▶ [Your assignment]: Return the listing exactly as it appears, but strip out the images.
**** Source material
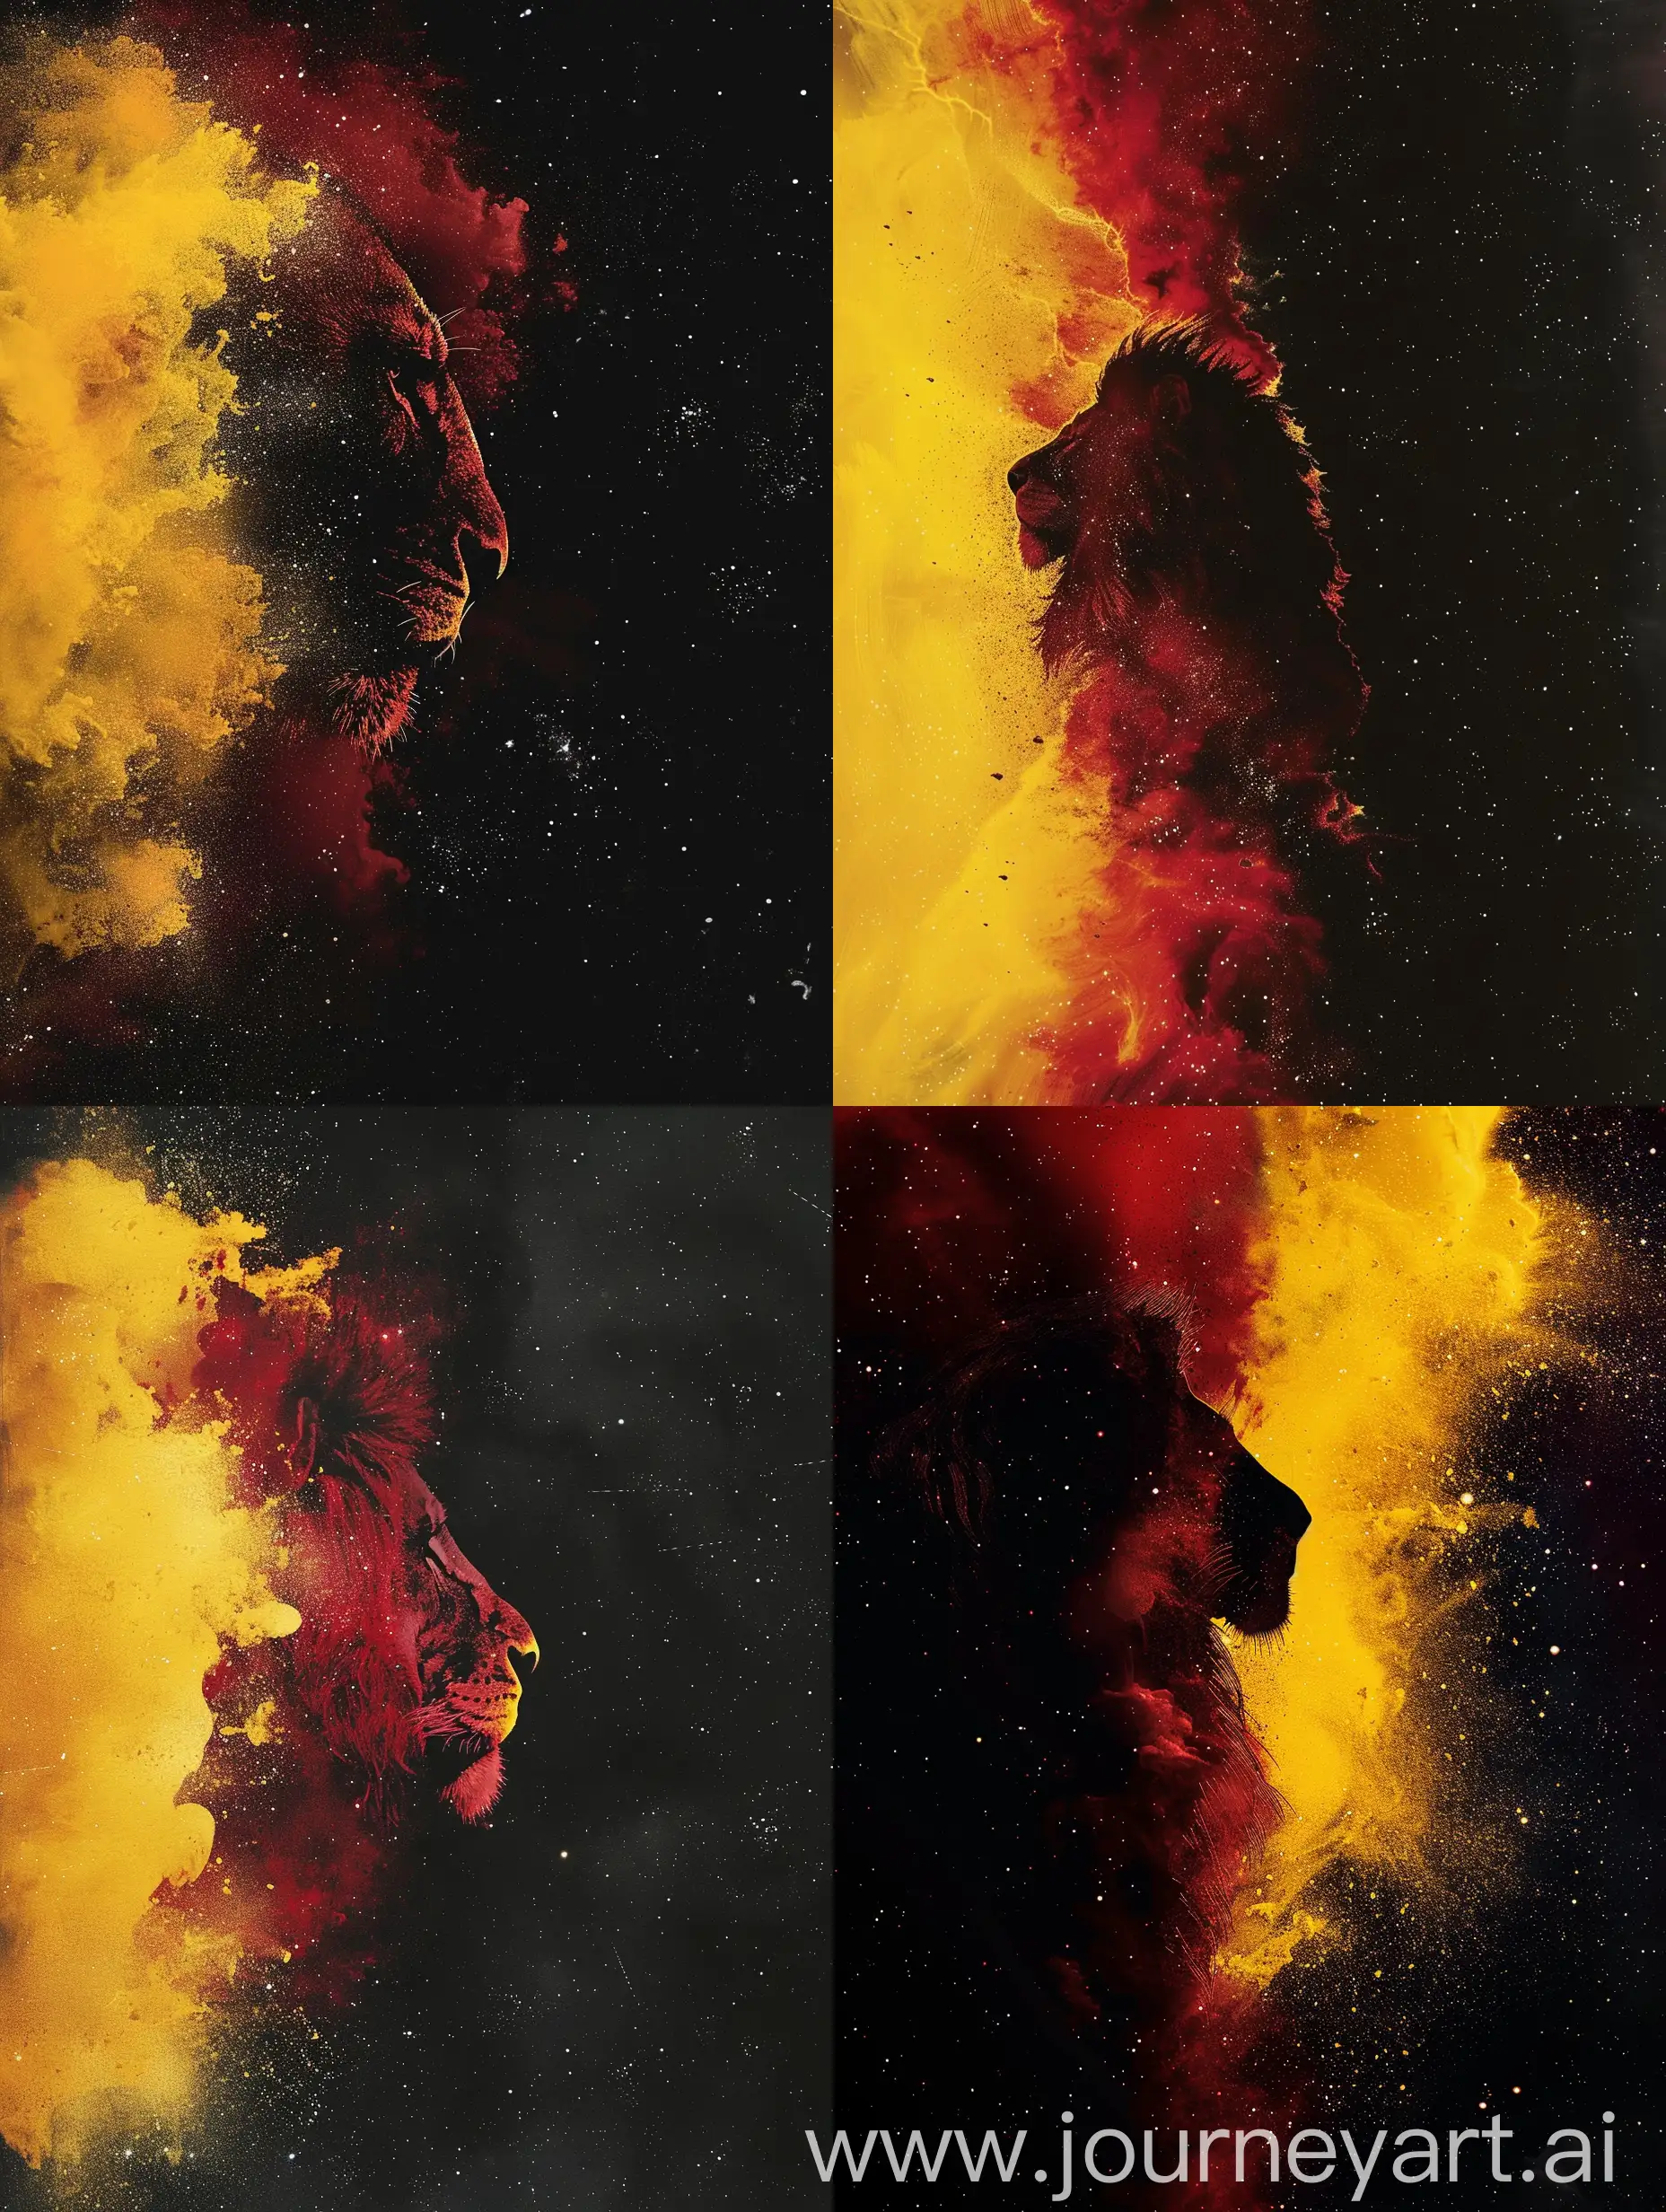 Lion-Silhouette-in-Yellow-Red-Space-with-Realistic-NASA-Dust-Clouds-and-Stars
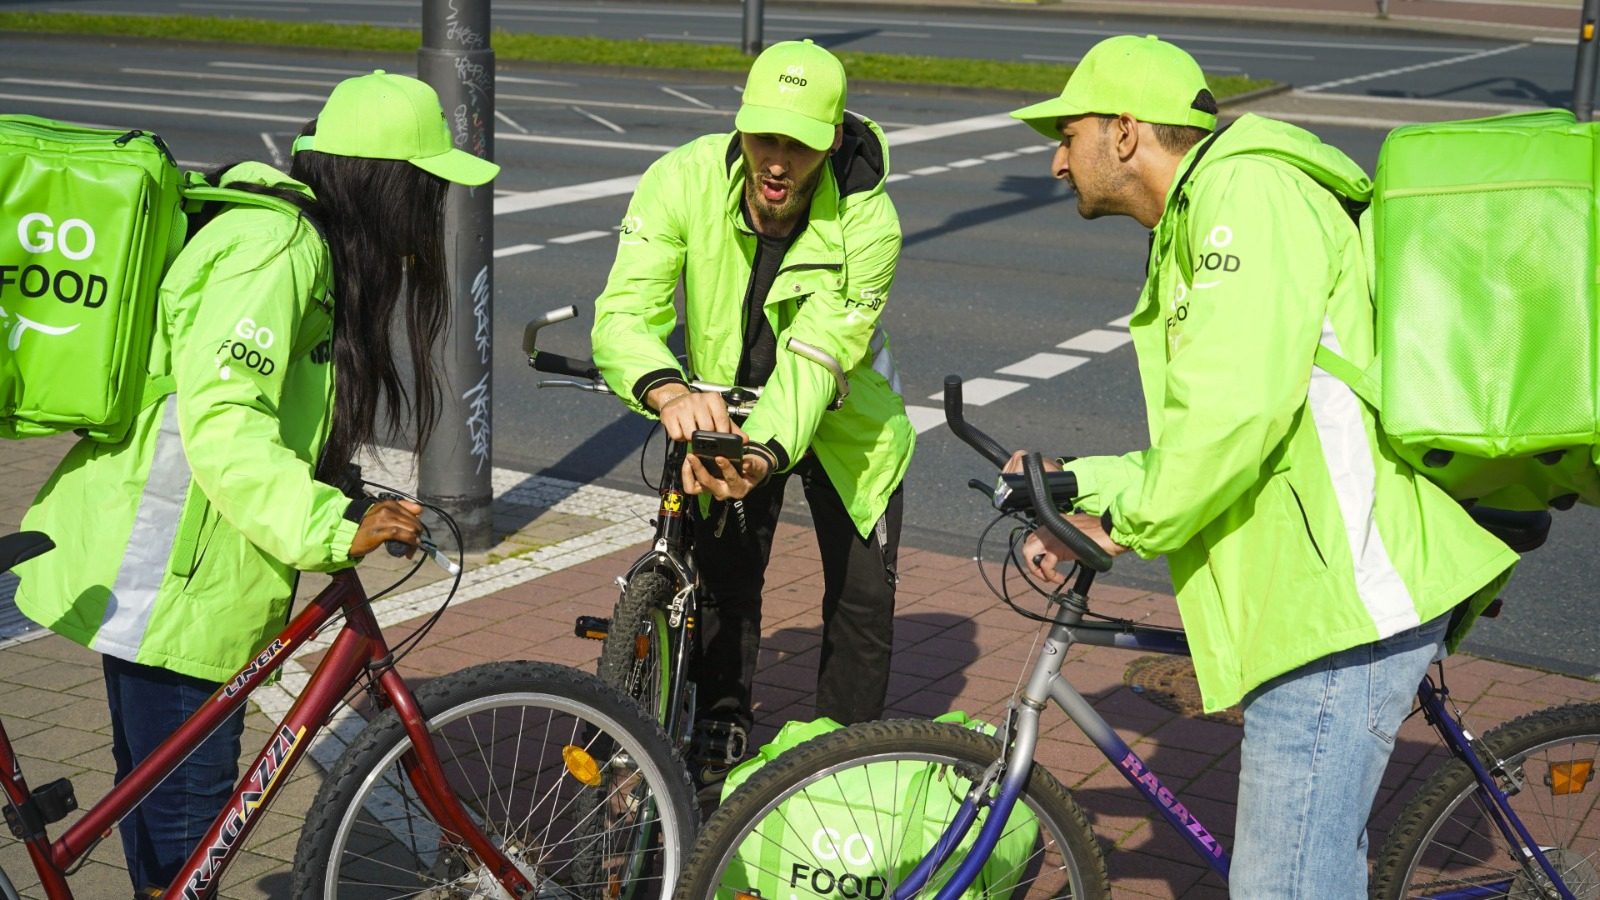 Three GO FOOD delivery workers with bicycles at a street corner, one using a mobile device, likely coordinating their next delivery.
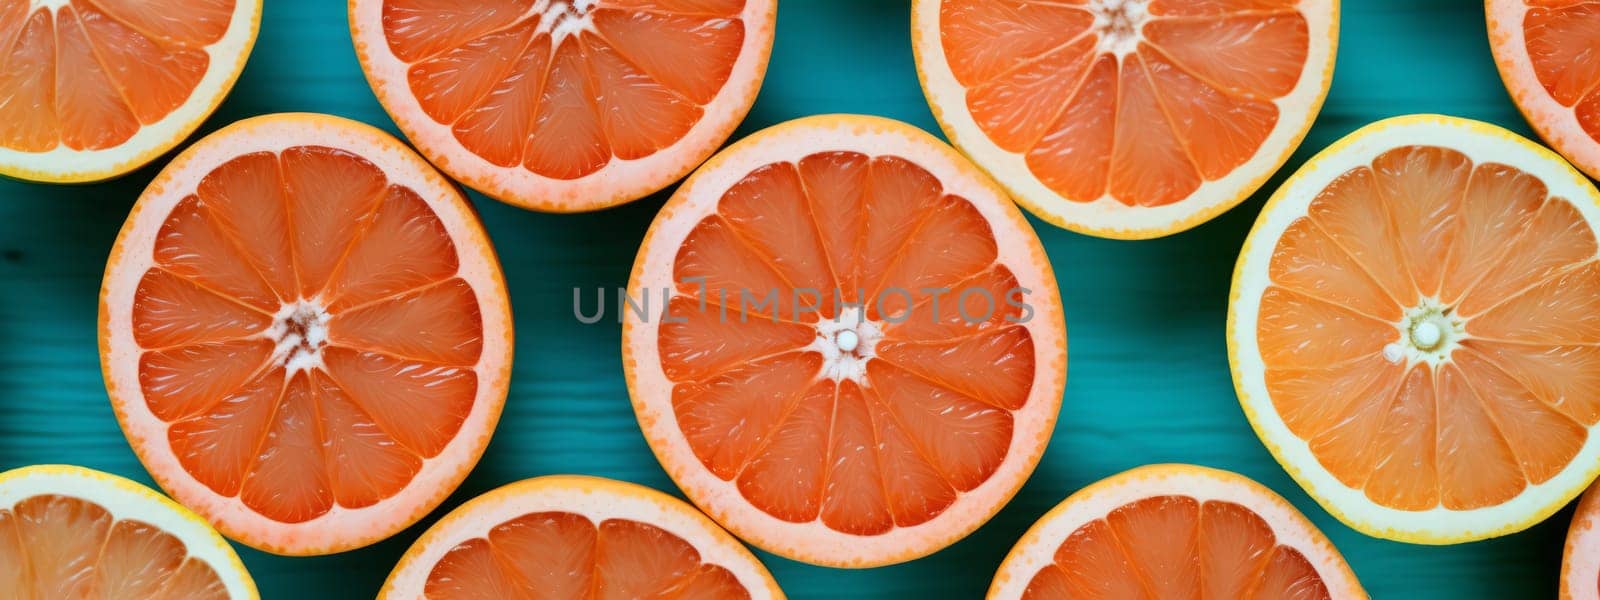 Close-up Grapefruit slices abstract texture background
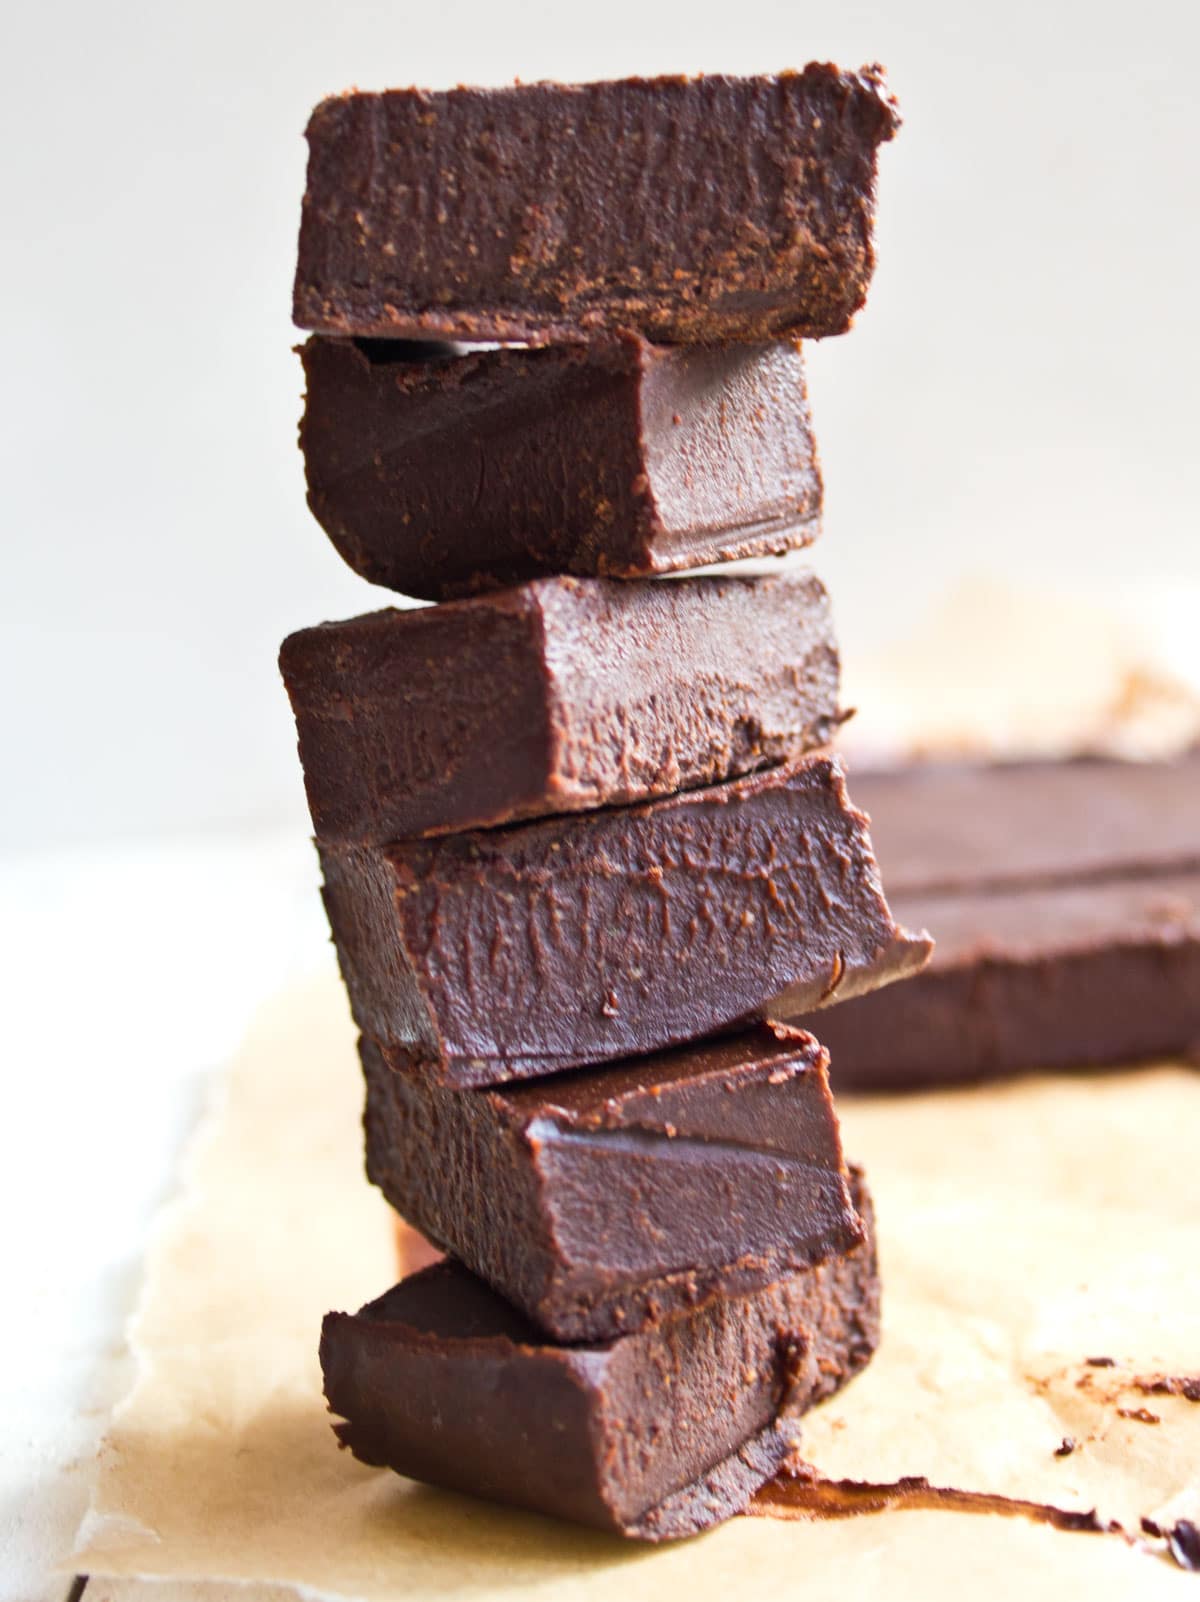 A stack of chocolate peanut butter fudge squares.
********
▶ [Expected answer]:
 Lion-Silhouette-in-Yellow-Red-Space-with-Realistic-NASA-Dust-Clouds-and-Stars
 Three GO FOOD delivery workers with bicycles at a street corner, one using a mobile device, likely coordinating their next delivery.
 Close-up Grapefruit slices abstract texture background
 A stack of chocolate peanut butter fudge squares.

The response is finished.